In some ways, I feel like I'm still waiting. If that's the case, then I'm still unsure of what I'm waiting for. Proof that people care where I am? Evidence of others' concern for my well-being? I have those things, in spades. Maybe there's just something about feeling like I spend half my life in transit these days: more often than not, you could find me on a bus, on the subway, on the T, on the NJ Transit, or sitting, shivering in a station waiting for the doors to open, my ticket to be punched, and the wheels or rails to creak into motion. Back and forth I go, happy in each place, but in transit nonetheless. GPS, text messages, and online schedules assure anyone who cares to look exactly where I am at any given moment but it doesn't make me feel any less lost. Knowing where you are is a far cry from feeling like you belong. Landing is different from coming home. And it's only as I've gotten older - and been sought out and found and picked up and carried to safety more times than I can count - that I've realized with an aching heart that even being found when I'm trying so desperately to hide won't take away the demons from which I'm ultimately running.
Years ago, the dark hall closet held me secure but also trapped. Folded in amongst the coats and winter boots, I was hiding just as much from myself as from my mother.
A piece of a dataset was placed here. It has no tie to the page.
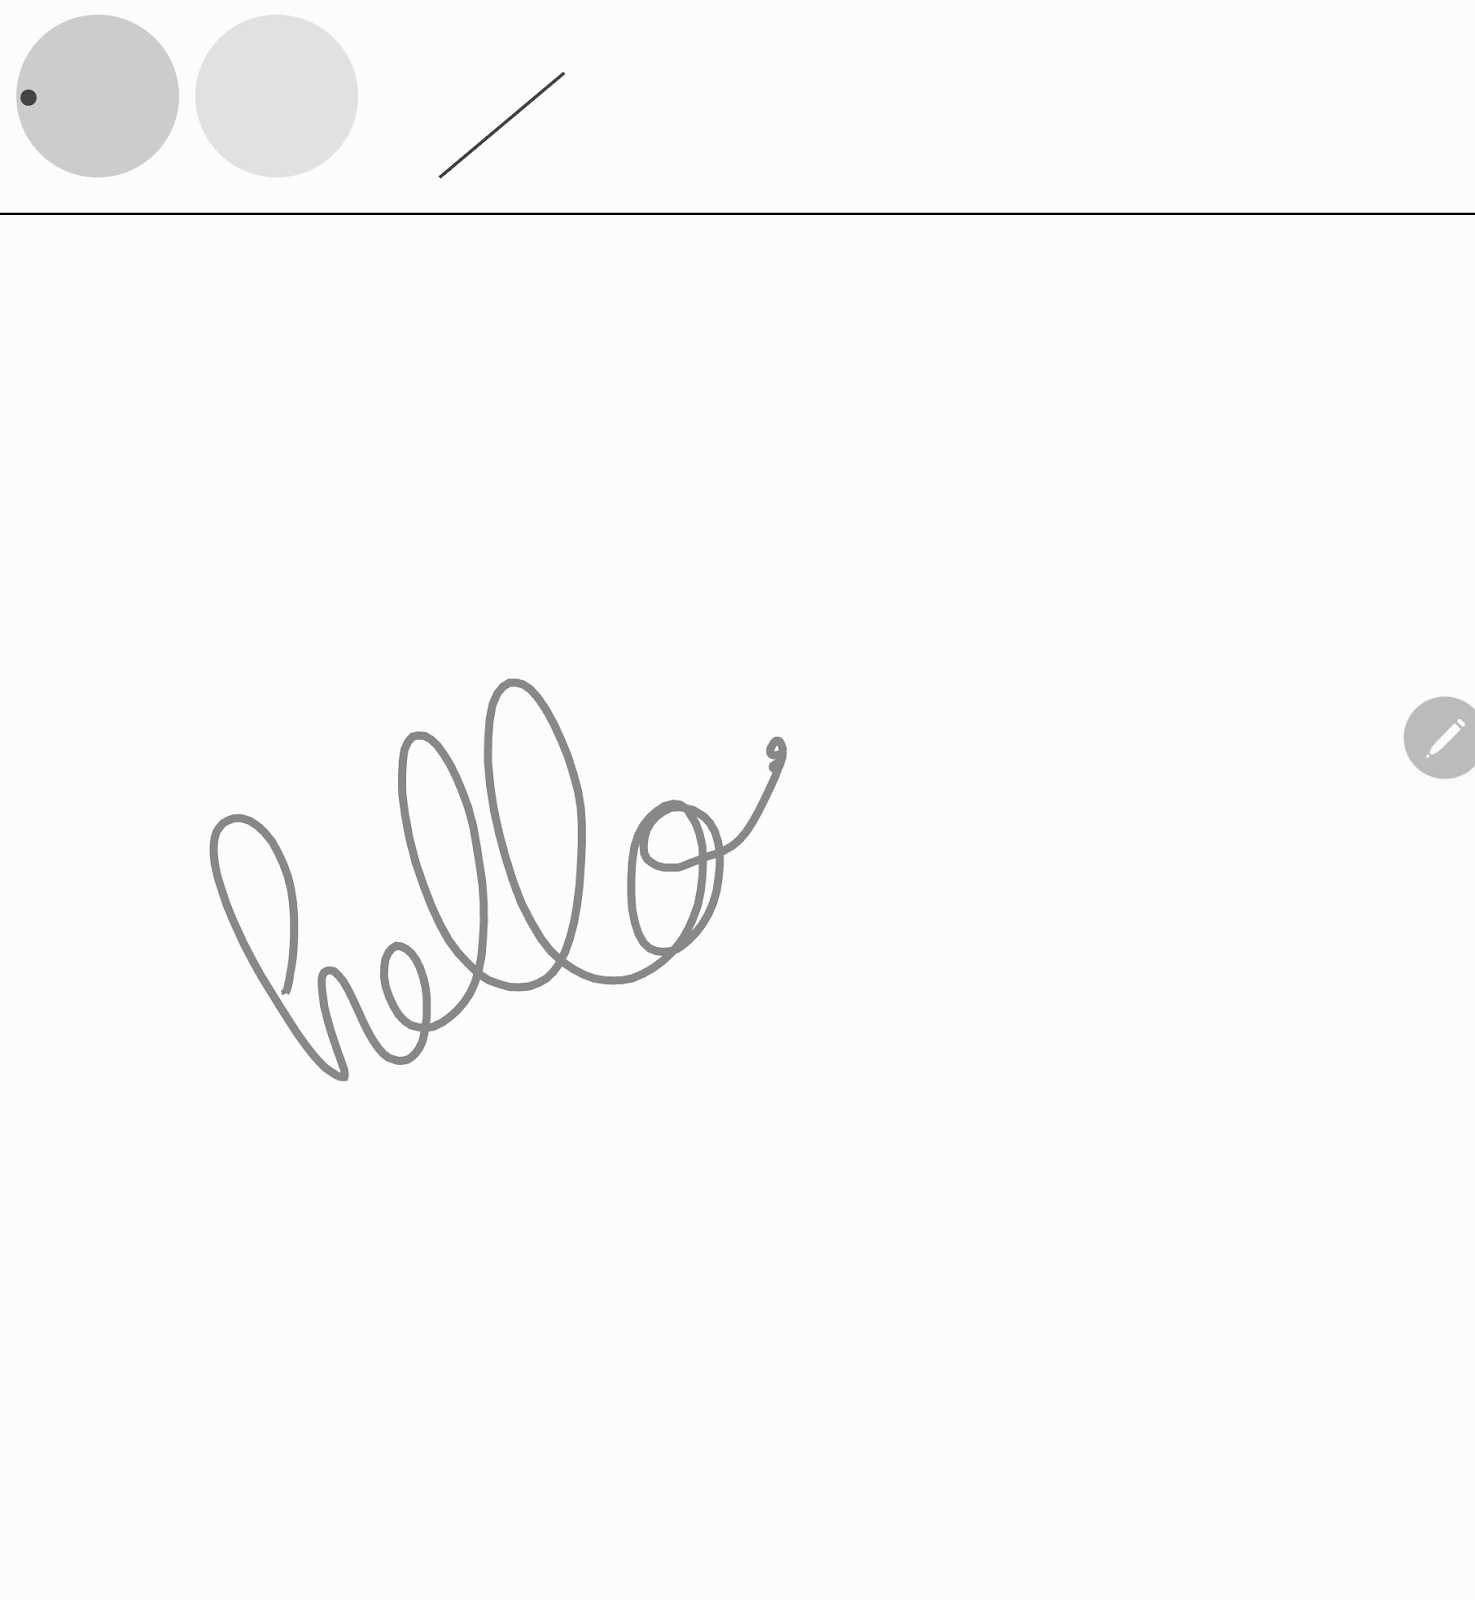 The visualized orientation, pressure, and tilt for the word 'hello' written with a stylus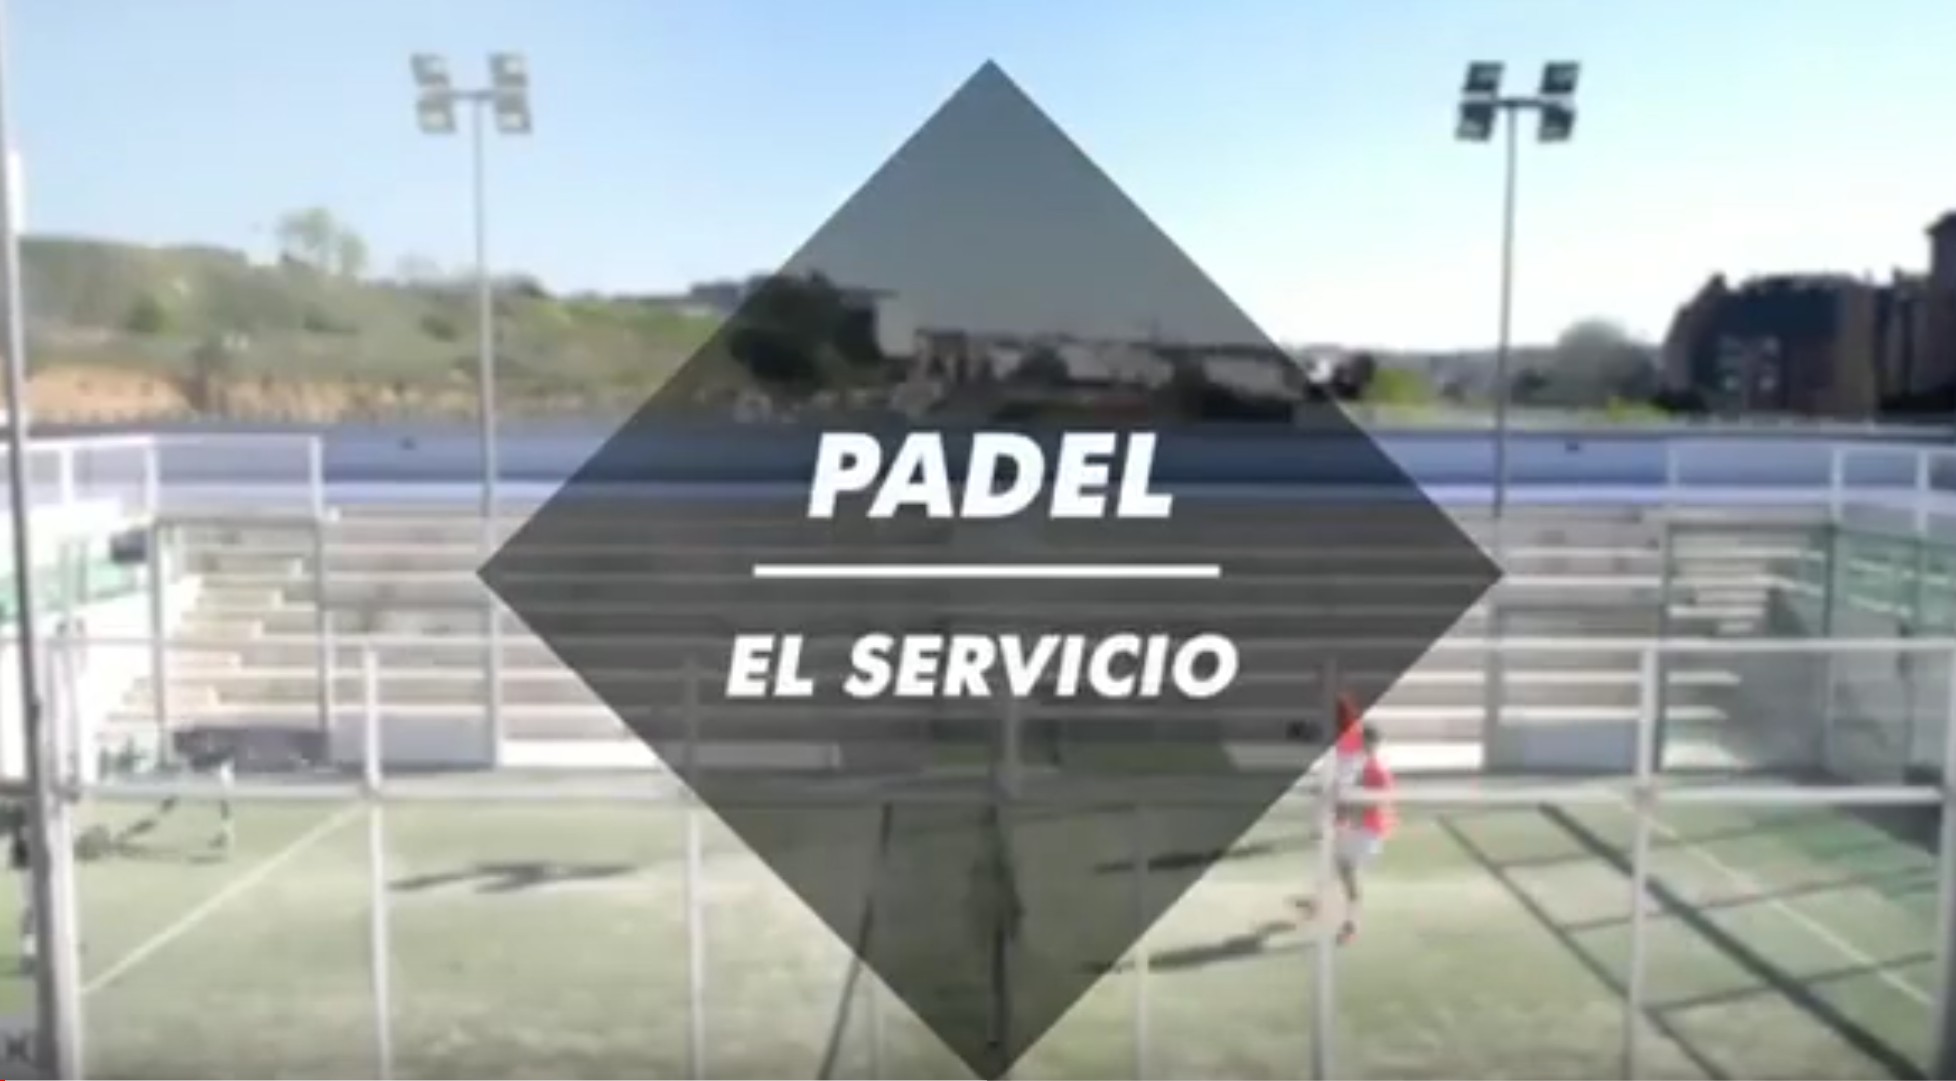 Service at padel - The basis of your commitment

In the same way, running back and forth can start to look an awful lot like running away. I want to land. I want to come home. I want to unlace my metaphorical sneakers and feel like I belong. It won't always be this way, I tell myself. This is part of being young; going with the flow. Feeling like I'm riding the waves of change instead of fighting to keep my head above water is an art form I have yet to master. For now, I'll make my iPod playlists, I'll read my library books, I'll pack lightly, and I'll enjoy every hug at the end of every journey. I'm a lucky girl, I tell myself. There's love wherever I land. That is more than enough.